With the DNS Caching the result of a successful recursive DNS dissolution a time is kept long in the local Cache, so that further identical DNS Requests can be answered immediately, without having to go through the recursion again. The time interval, which is valid GEC figure eight entry, becomes by its TTL value (English: Time to Live; dt.: Time to live) determines. The TTL value is specified by the Primary name server of the appropriate zone.
Exactly one TTL value is assigned to each DNS entry (resource record). This covers 32 bits and can therefore very large values (several decades) take. The unit is second. A TTL of 3600 corresponds thereby one hour. "0" means: This resource records GEC eight may not become.
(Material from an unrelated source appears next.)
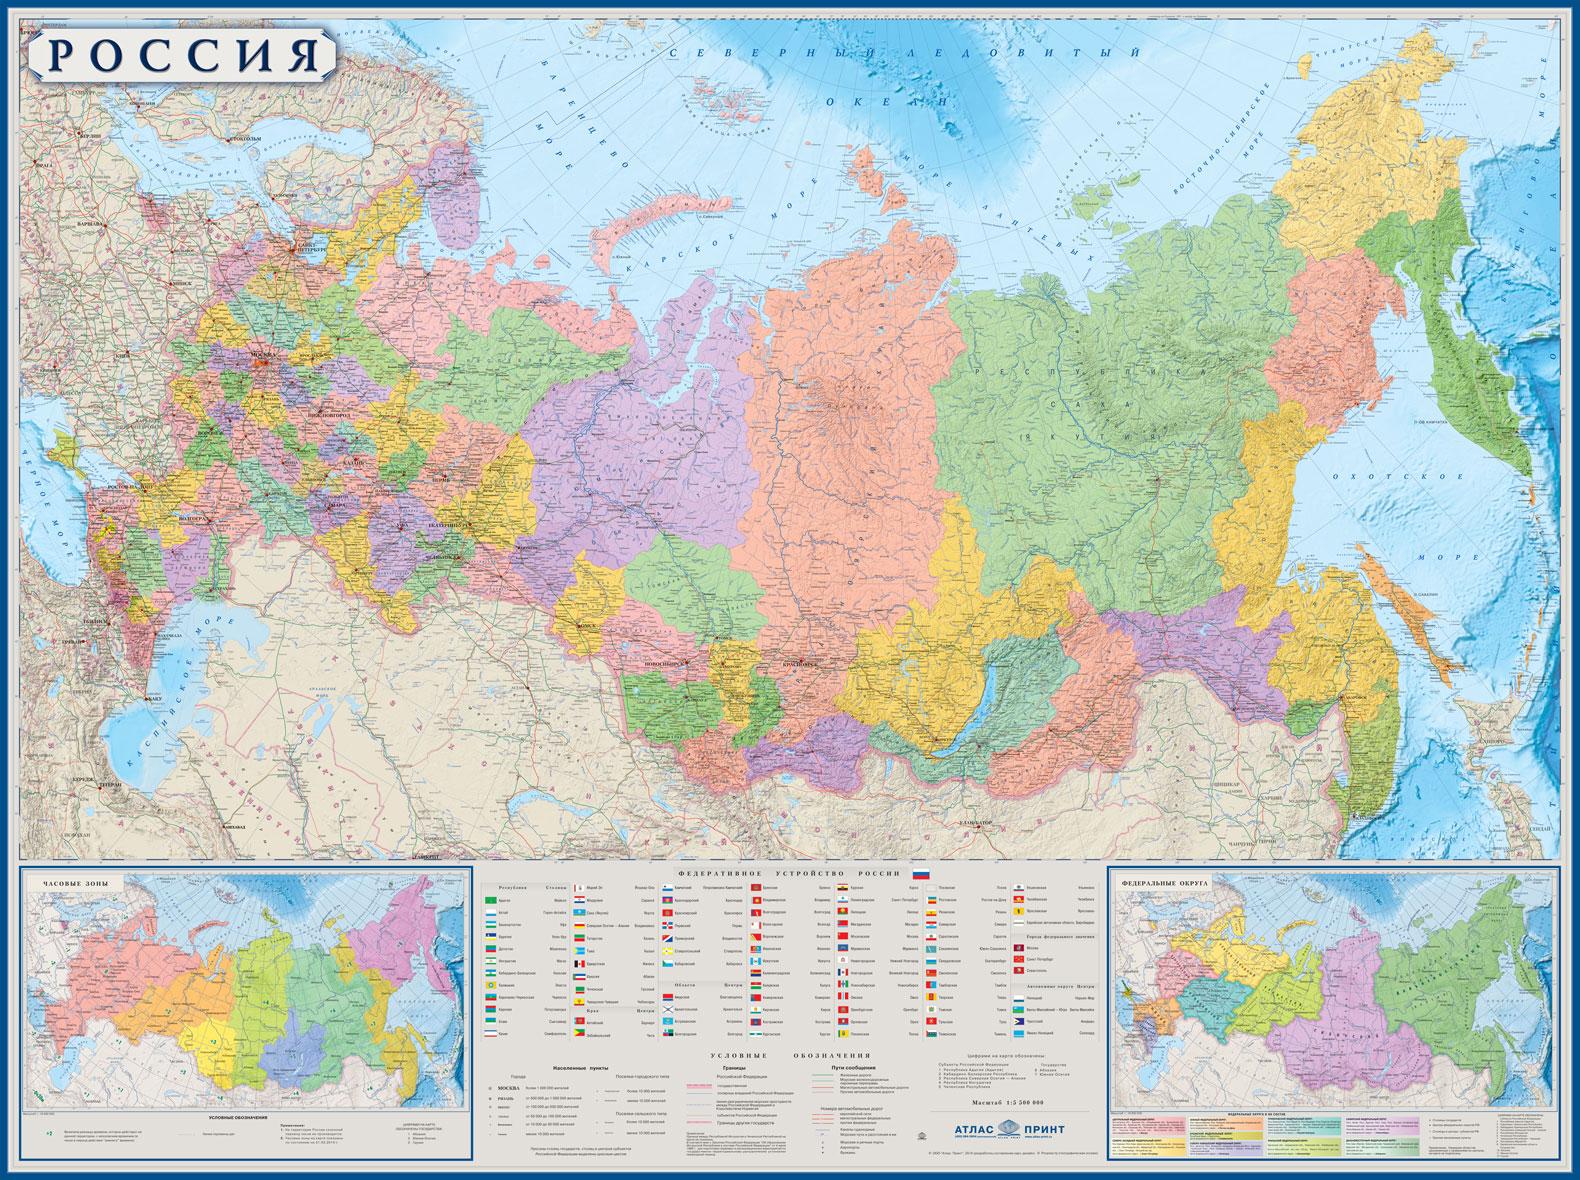 Настенная карта России (политико-административная) 1,58х1,18 м

Many DNS servers control also negatives the Caching (RFC 2308). It concerns here a obligating function, with which also the fact is noted in the Cache that a name does not admit is. With repeated inquiries can be answered then similarly to the standard Caching immediately.
The question arises naturally, the time interval is how large, in which a negative entry in the Cache is For a missing name no TTL finally exists.
Two cases are to be differentiated: To dissolve in the first case tries an unknown name from a well-known zone. In this case the SOA resource record is provided with the negative answer. This contains the TTL valid for this zone and specifies thereby the Caching duration.
In the second case one tries to dissolve a name from an unknown zone. Since the zone does not admit is, there is also no SOA-RR and thus no zone-specific TTL. The name server uses instead a konfigurierbareren default value (with BIND 9 for these over the option max ncache ttl defined).